-- TASK ITEM --
Print every line below exactly as written, but leave the pictures behind.

-- SUPPLIED INFORMATION --

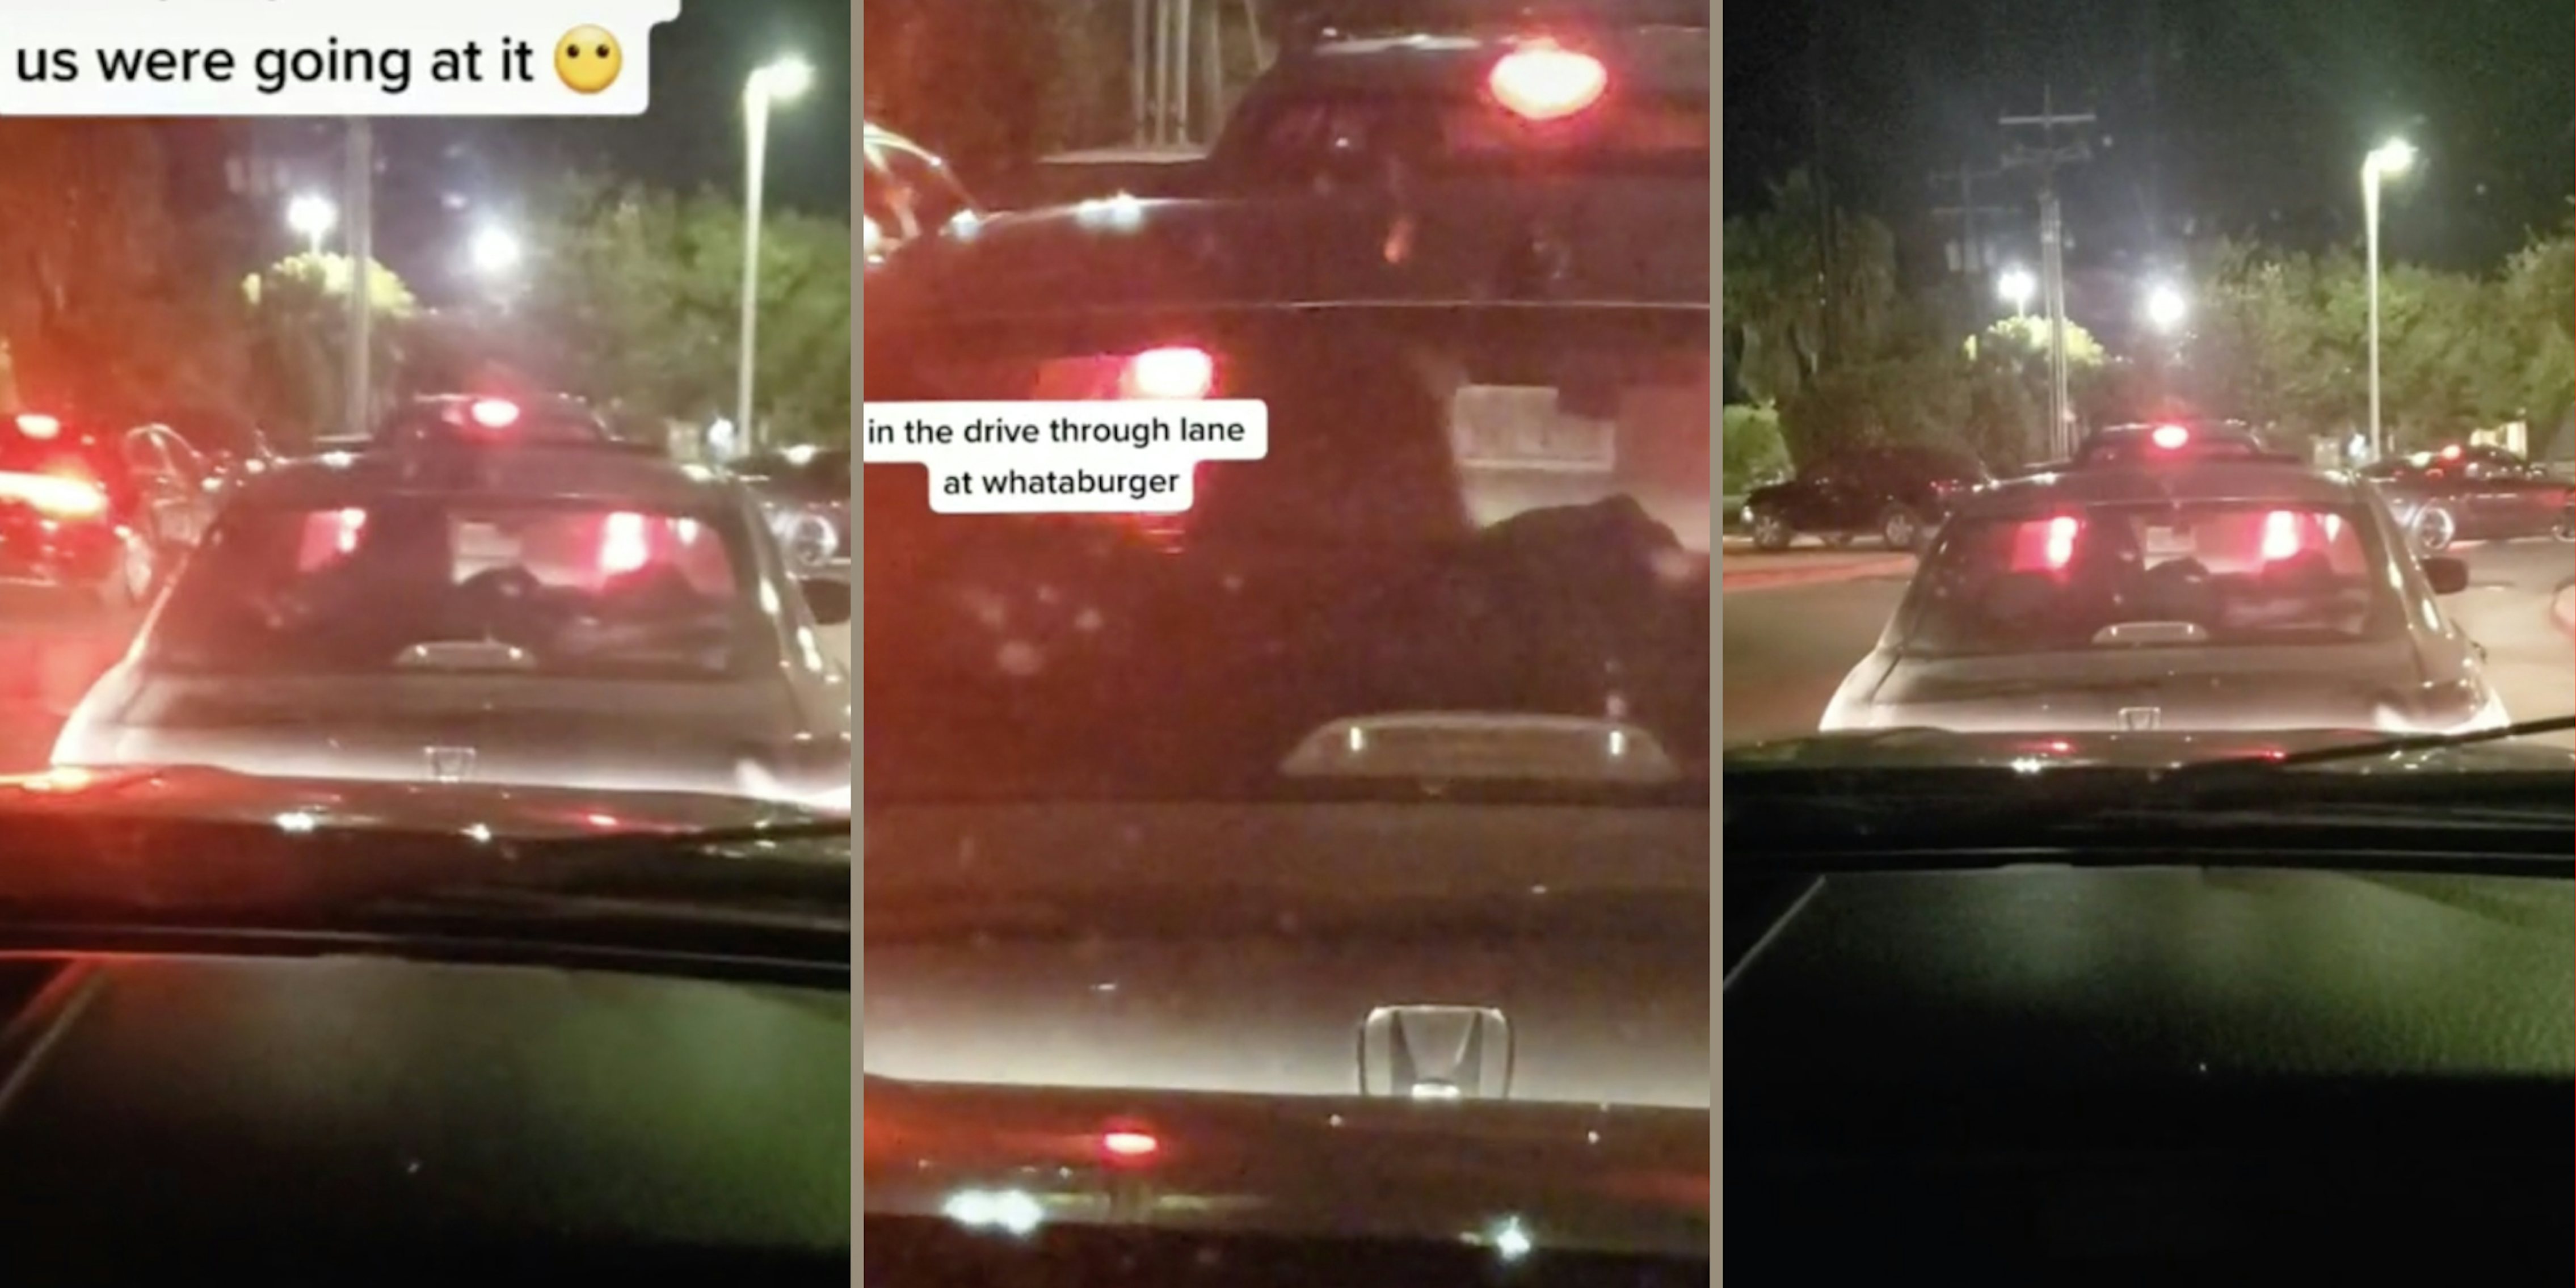 'the people in the car in front of us were going at it', 'in the drive through lane at whataburger' car in whataburger drive thru with people having sex
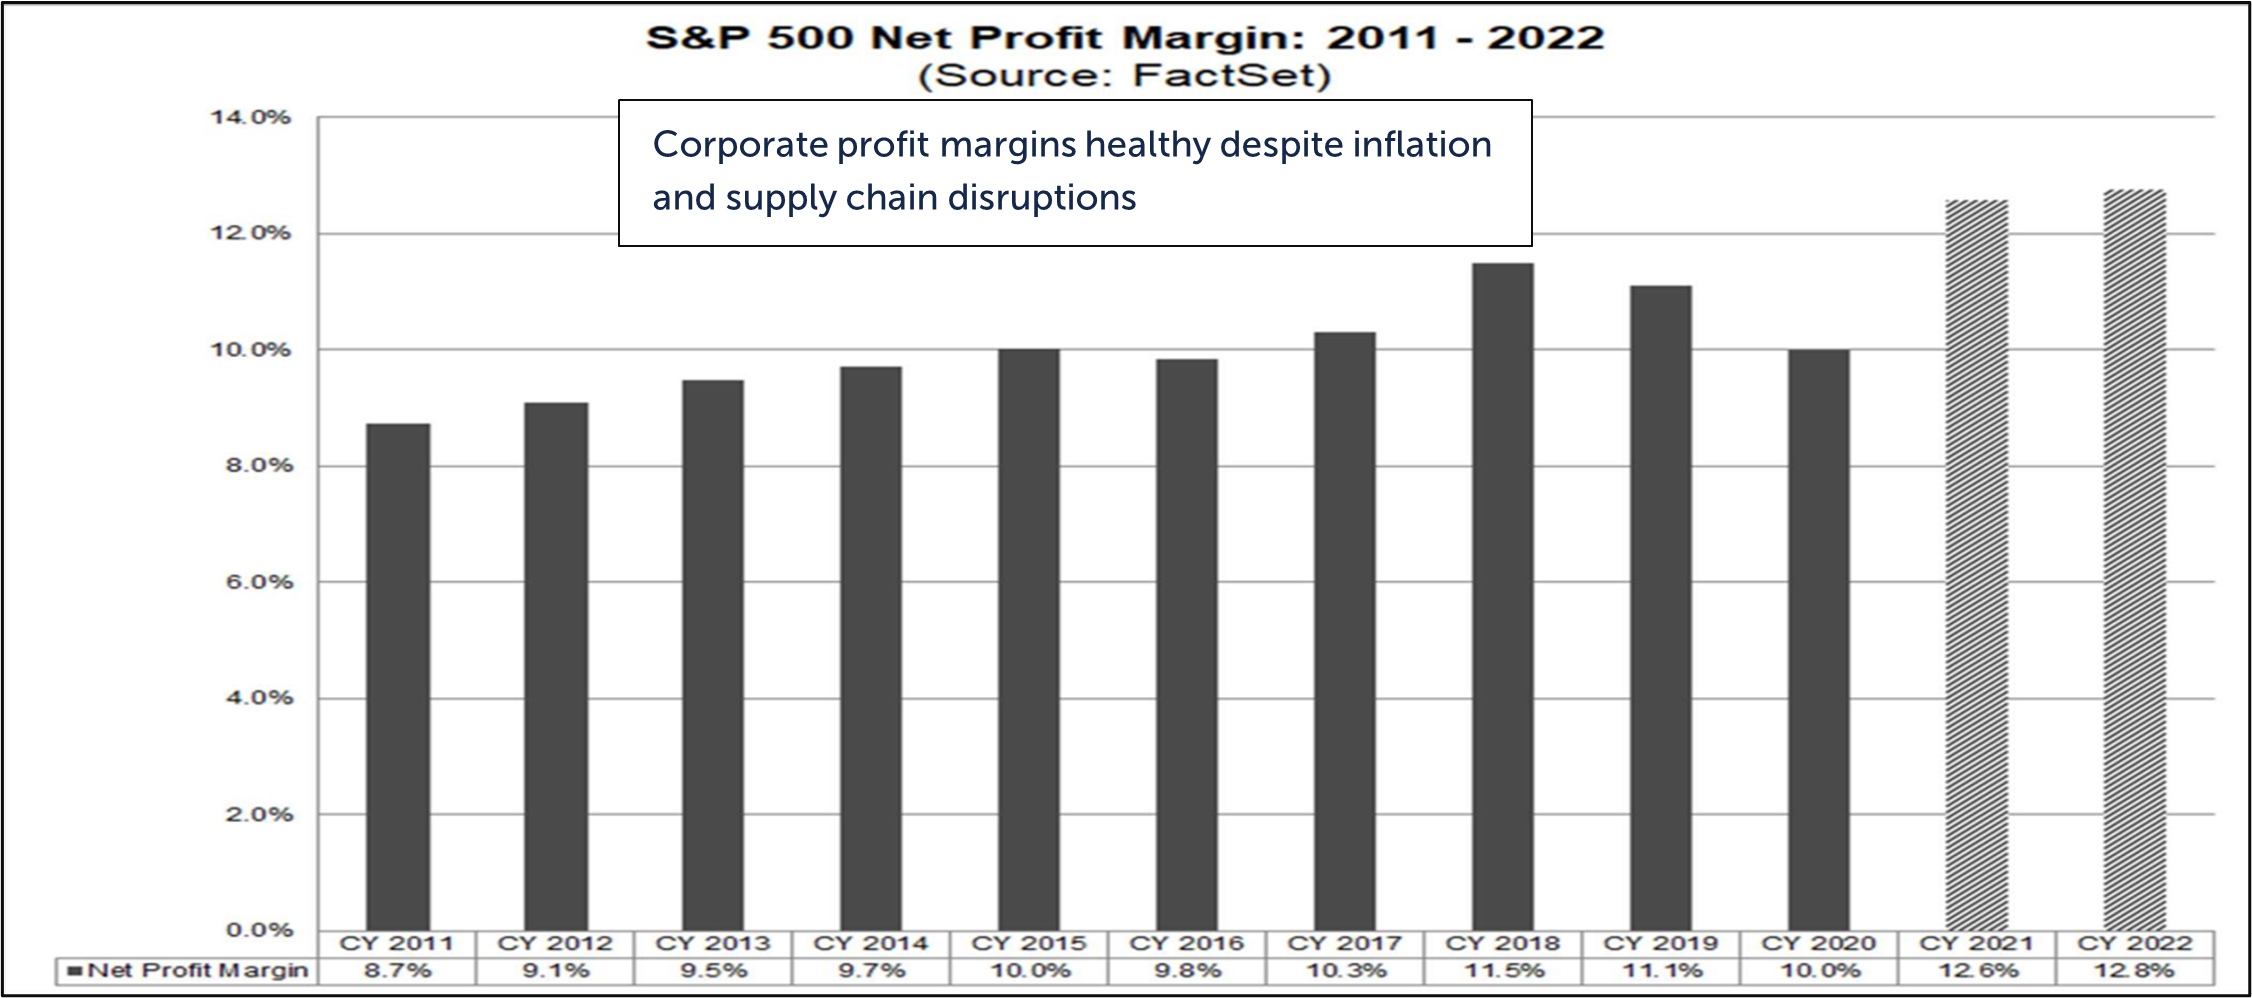 Bar graph depicting S&P 500 Net Profit Margin from 2011 to 2022 with text reading: Corporate profit margins healthy despite inflation and supply chain disruptions
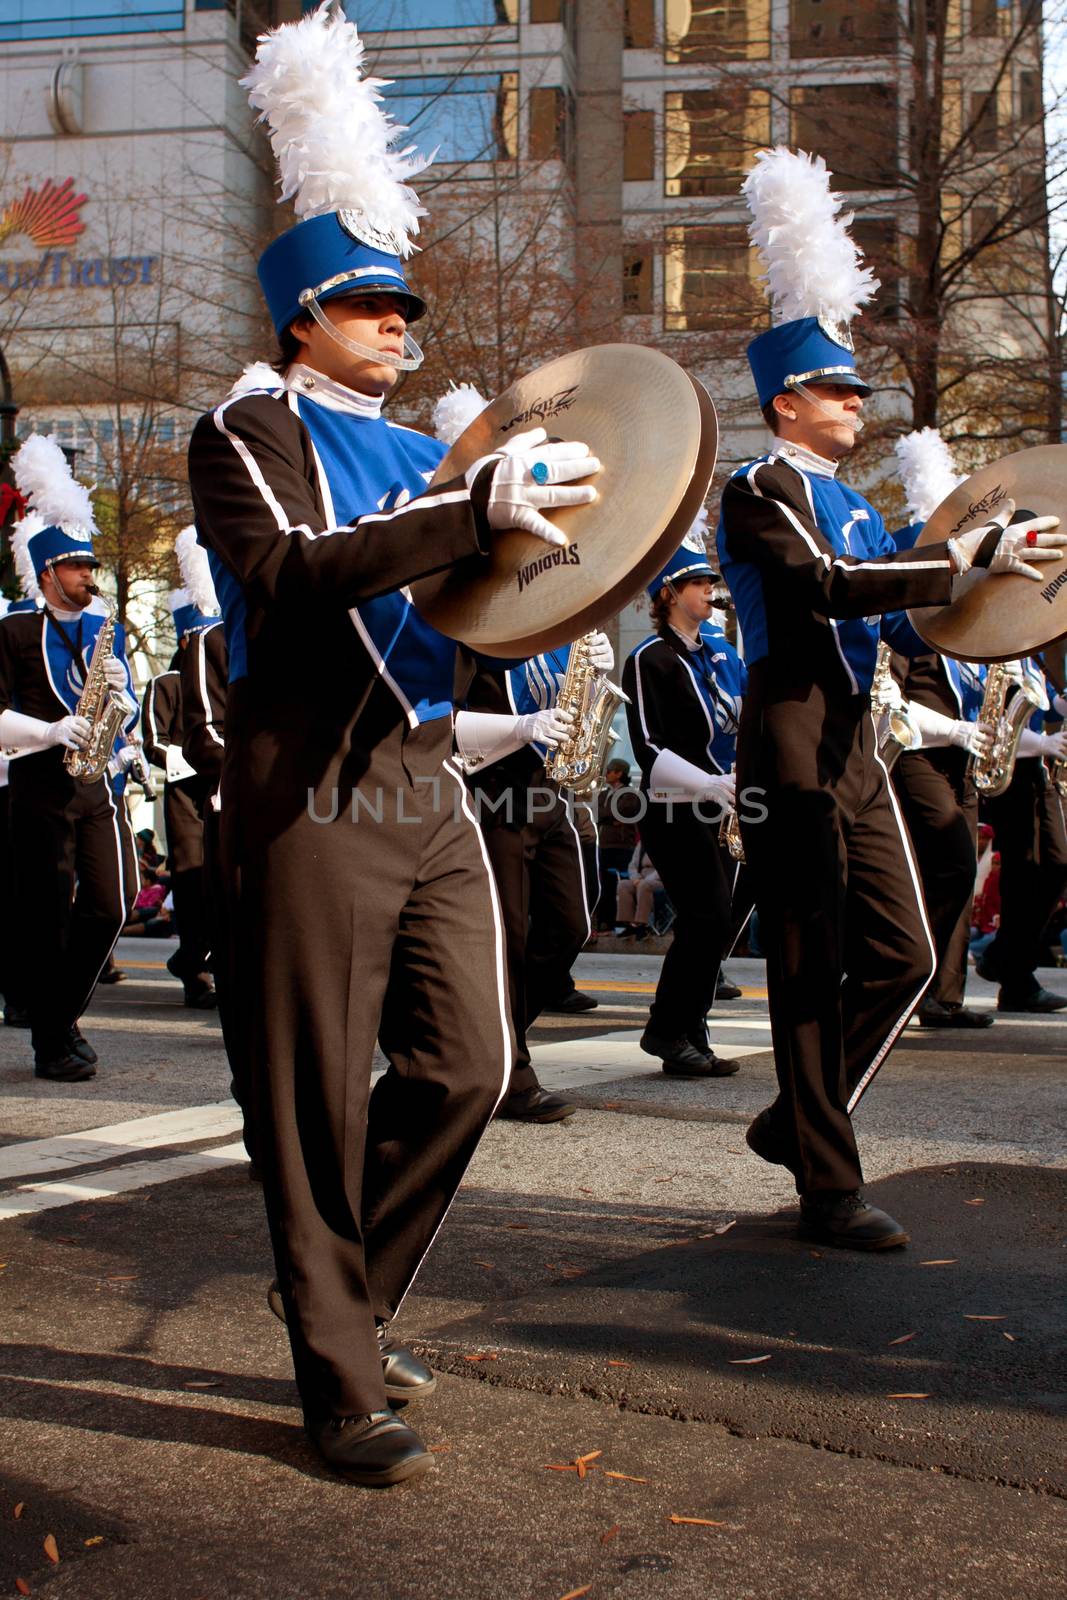 Marching Band Cymbal Players Perform In Atlanta Christmas Parade by BluIz60
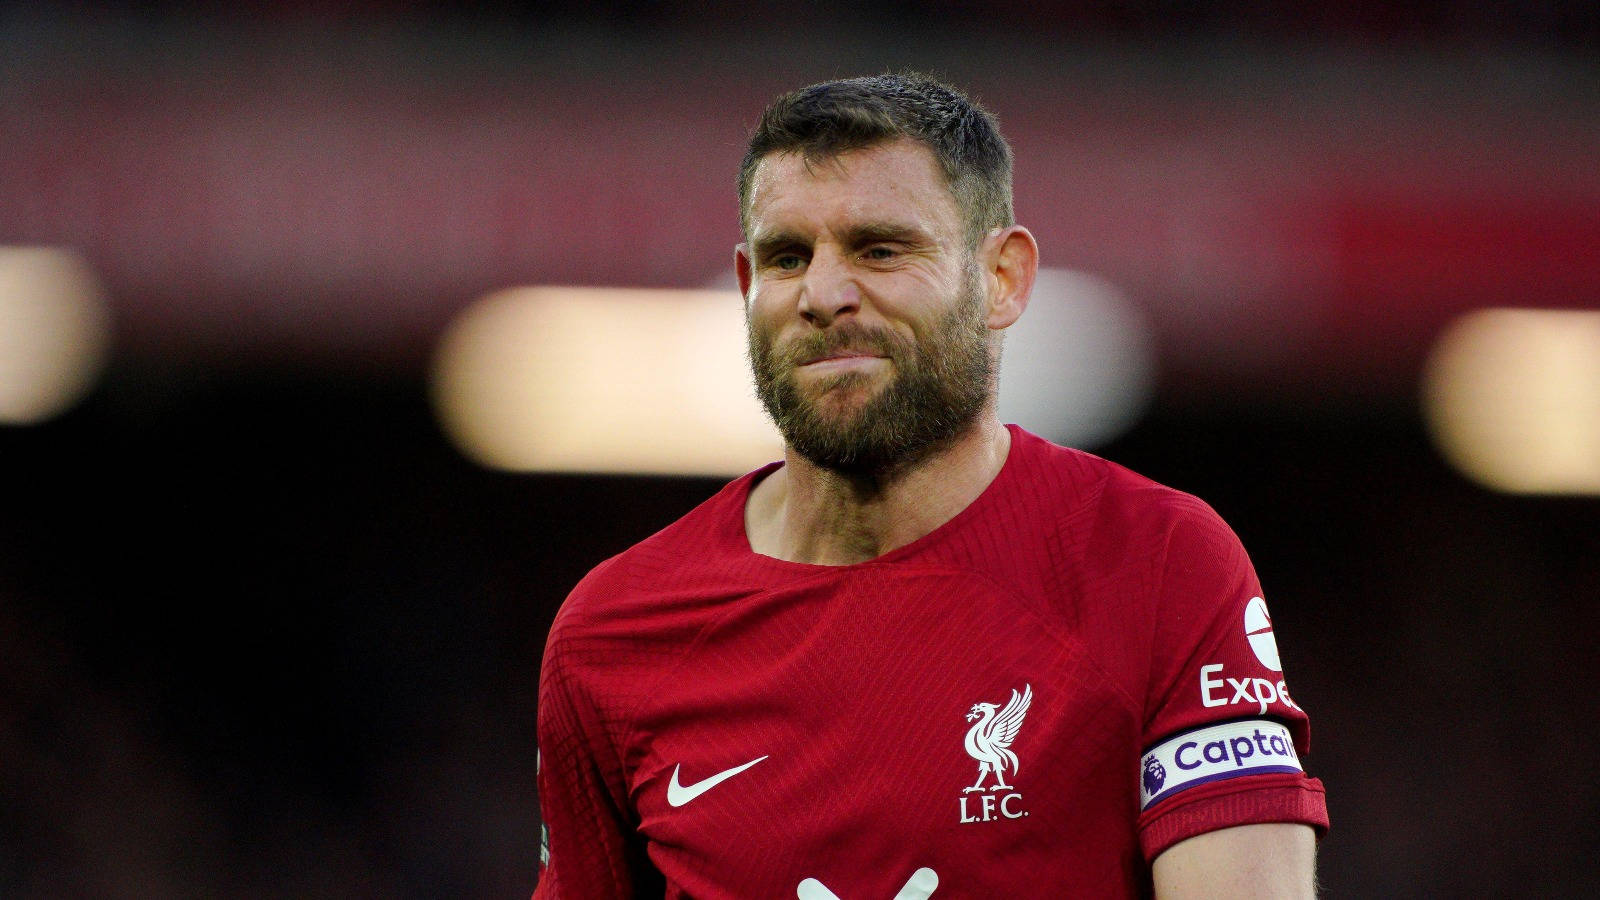 James Milner Looking Disappointed Wallpaper

-- ANSWER TO THIS PROBLEM --
 'the people in the car in front of us were going at it', 'in the drive through lane at whataburger' car in whataburger drive thru with people having sex
 Bar graph depicting S&P 500 Net Profit Margin from 2011 to 2022 with text reading: Corporate profit margins healthy despite inflation and supply chain disruptions
 Marching Band Cymbal Players Perform In Atlanta Christmas Parade by BluIz60
 James Milner Looking Disappointed Wallpaper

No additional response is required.